Statistics shows that 1H,1’H-2,2′-Biimidazole is playing an increasingly important role. we look forward to future research findings about 492-98-8.

Reference:
Patent; Ube Industries, Ltd.; FUJIMURA, Osamu; FUKUNAGA, Kenji; IWASA, Takafumi; TANAKA, Yasuhiro; FUJITA, Harunori; MURAKAMI, Tadashi; HONMA, Takashi; MACHIDA, Toshikazu; KASHIHARA, Natsuko; EP2647642; (2013); A1;,
Imidazole – Wikipedia,
Imidazole | C3H4N2 – PubChem

Synthetic Route of 152628-02-9,Some common heterocyclic compound, 152628-02-9, name is 1,7′-Dimethyl-2′-propyl-1H,1’H-2,5′-bibenzo[d]imidazole, molecular formula is C19H20N4, traditional synthetic route has been very mature, but the traditional synthetic route has various shortcomings, such as complicated route, low yield, poor purity, etc, below Introduce a new synthetic route.

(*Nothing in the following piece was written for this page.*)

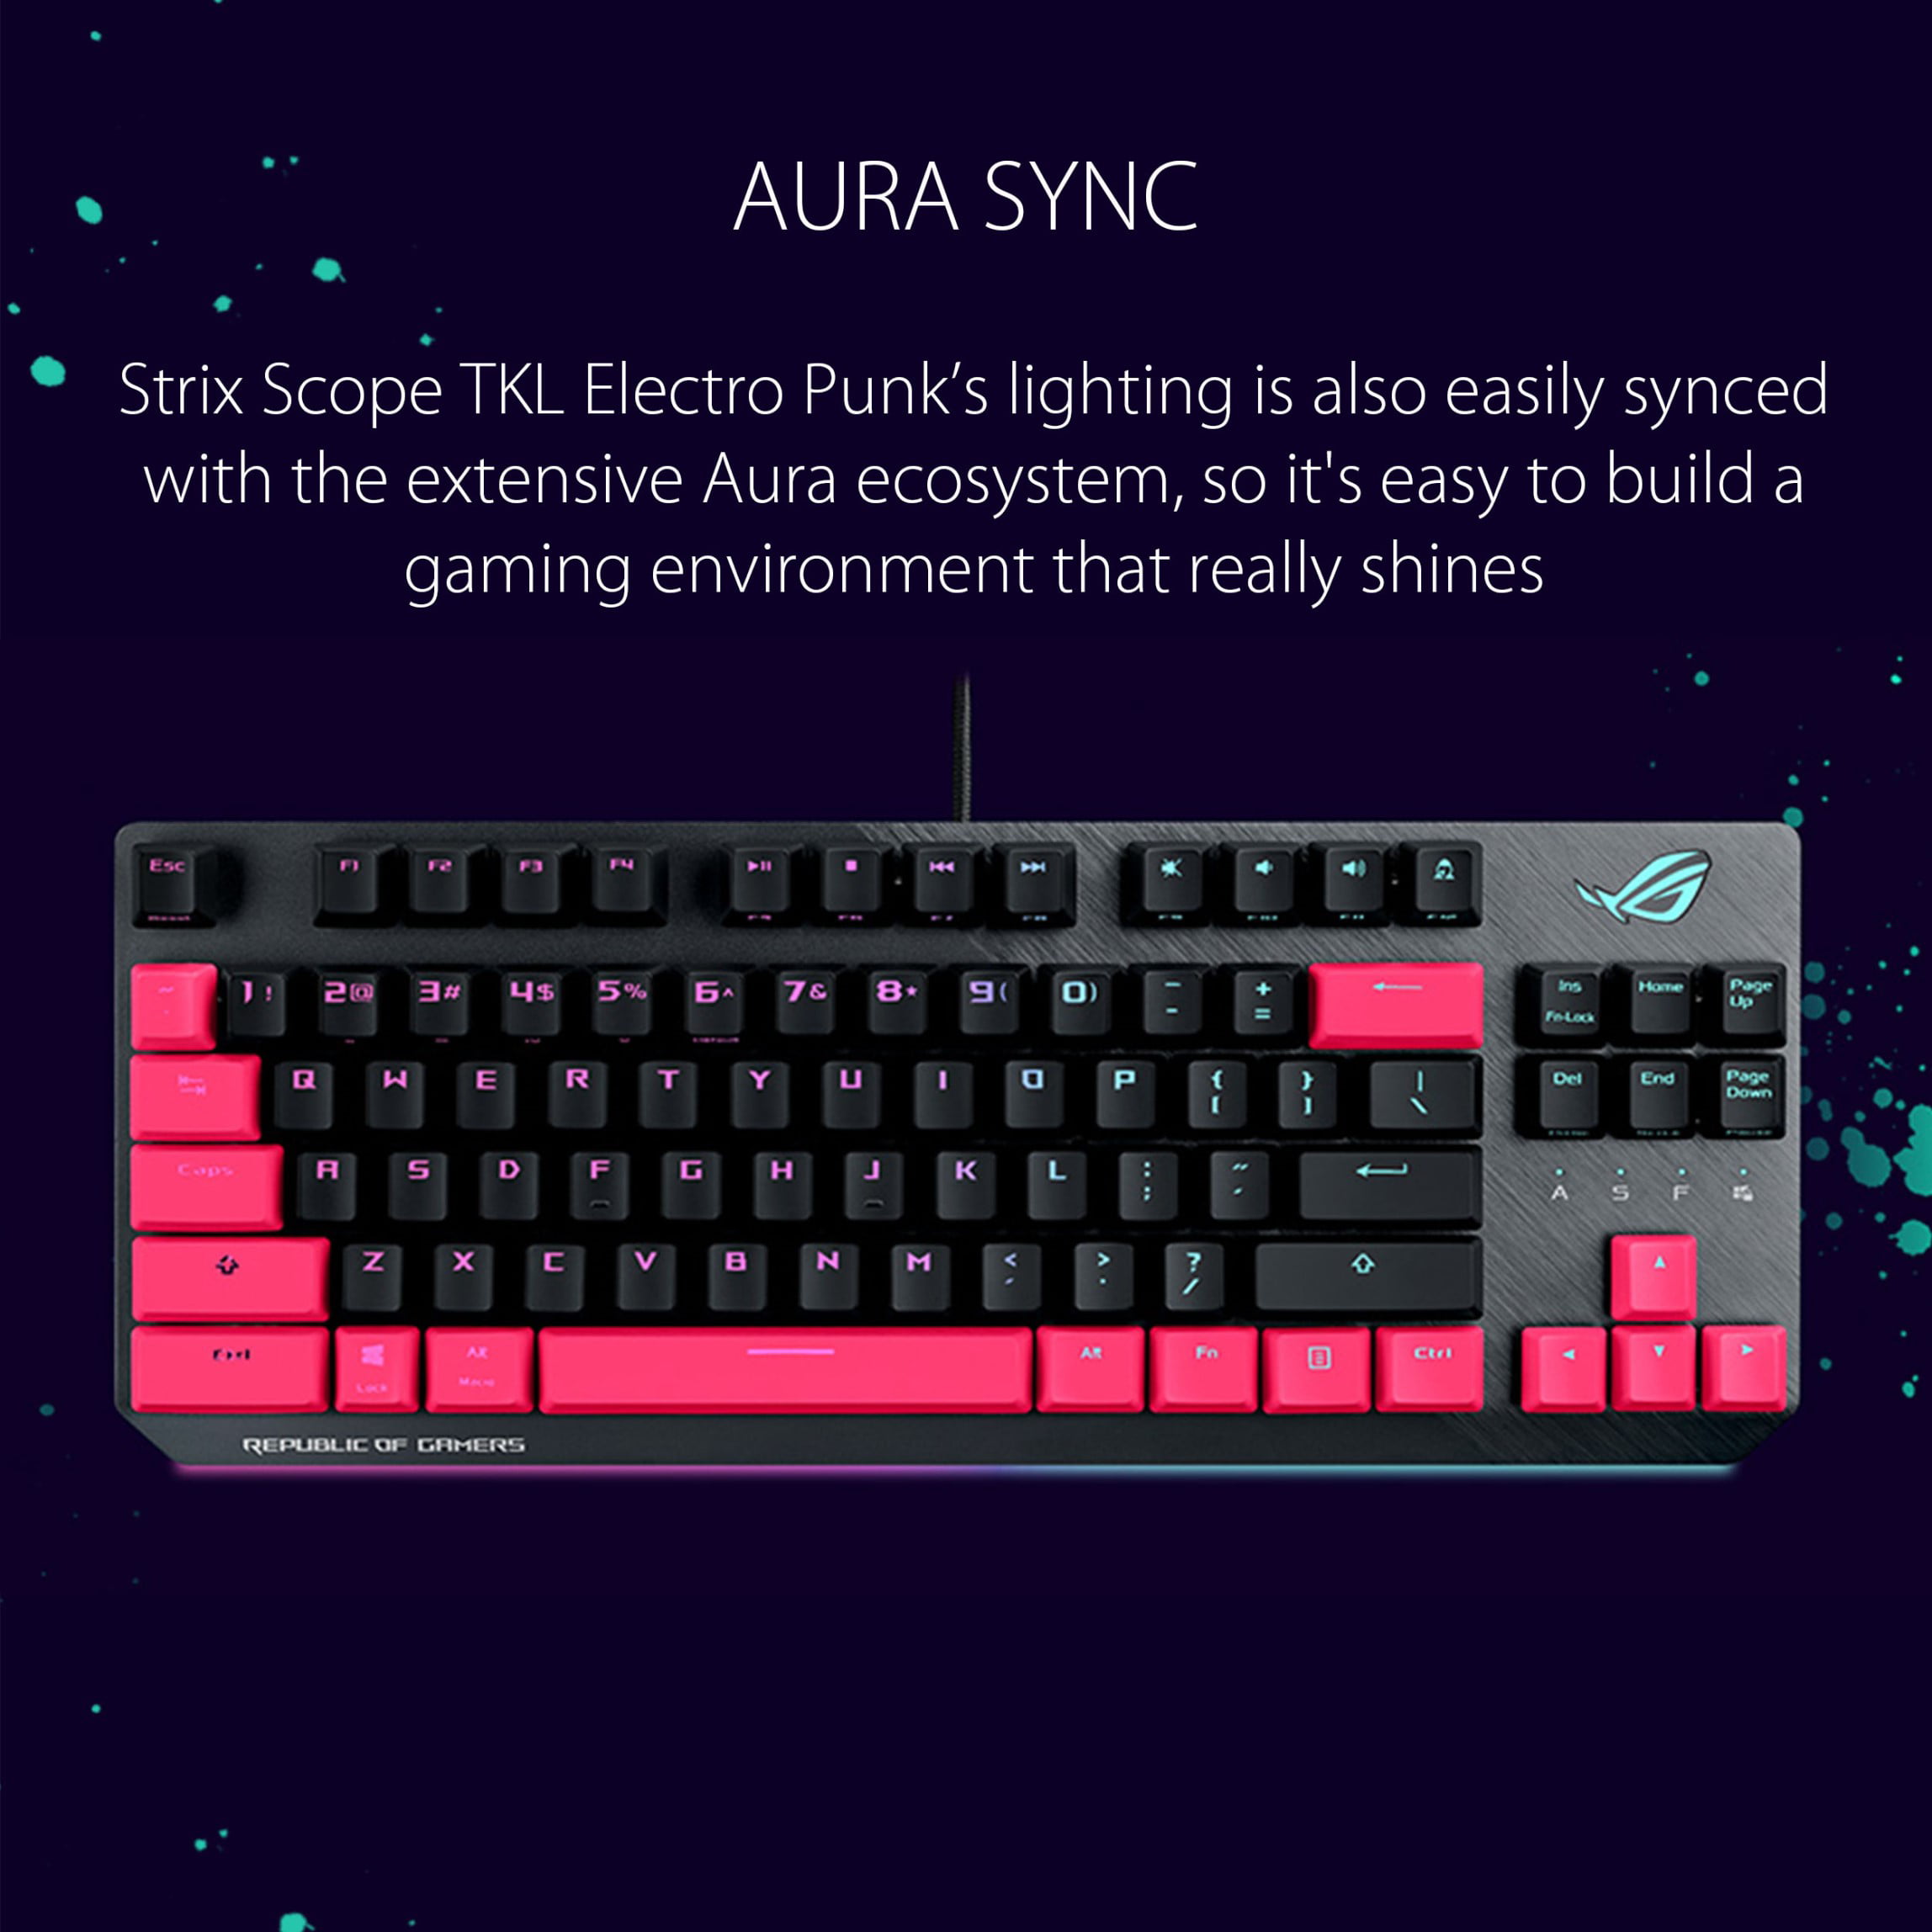 Asus ROG Strix Scope TKL Electro Punk Gaming Keyboard

General procedure: A solution of an appropriate benzimidazole (5.03mmol) and NaH (0.12g, 5.53mmol, 60%) in 100mL anhydrous THF was stirred for 30minat 50C. After cooling to rt, a mixture of an appropriate bromide (6.04mmol) in anhydrous THF (50mL) was added dropwise to the solution. The solution was stirred for 3hat 50C. Then the resulting mixture was poured into 30mL ice water, and extracted with ethyl acetate (50mL×3). The combined organic layer was dried over MgSO4. After filtration, the solvent was removed under reduced pressure and the residue was purified by CC to give the product as white solid 4.1.7.8 [5-[[2-Propyl-4-methyl-6-(1-methylbenzimidazol-2-yl)benzimidazole-1-yl]methyl]-1H-indol-1-yl](phenyl)methanone (15c) 15c was prepared by following the above general procedure. Yield: 85.6%. MP: 214-217 C. 1H NMR (400 MHz, CDCl3): delta 8.35 (d, 1H), 7.86 (s, 1H), 7.78 (d, 2H), 7.60 (t, 2H), 7.54 (t, 2H), 7.43 (s, 2H), 7.34 (d, 2H), 7.31 (t, 2H), 7.28 (d, 1H), 6.73 (d, 1H), 5.68 (s, 2H), 3.74 (s, 3H), 2.94 (t, 2H), 2.78 (s, 3H), 1.85 (m, 2H), 1.04 (t, 3H). MS (ESI): [M + H]+ calcd 538.3; found 538.3.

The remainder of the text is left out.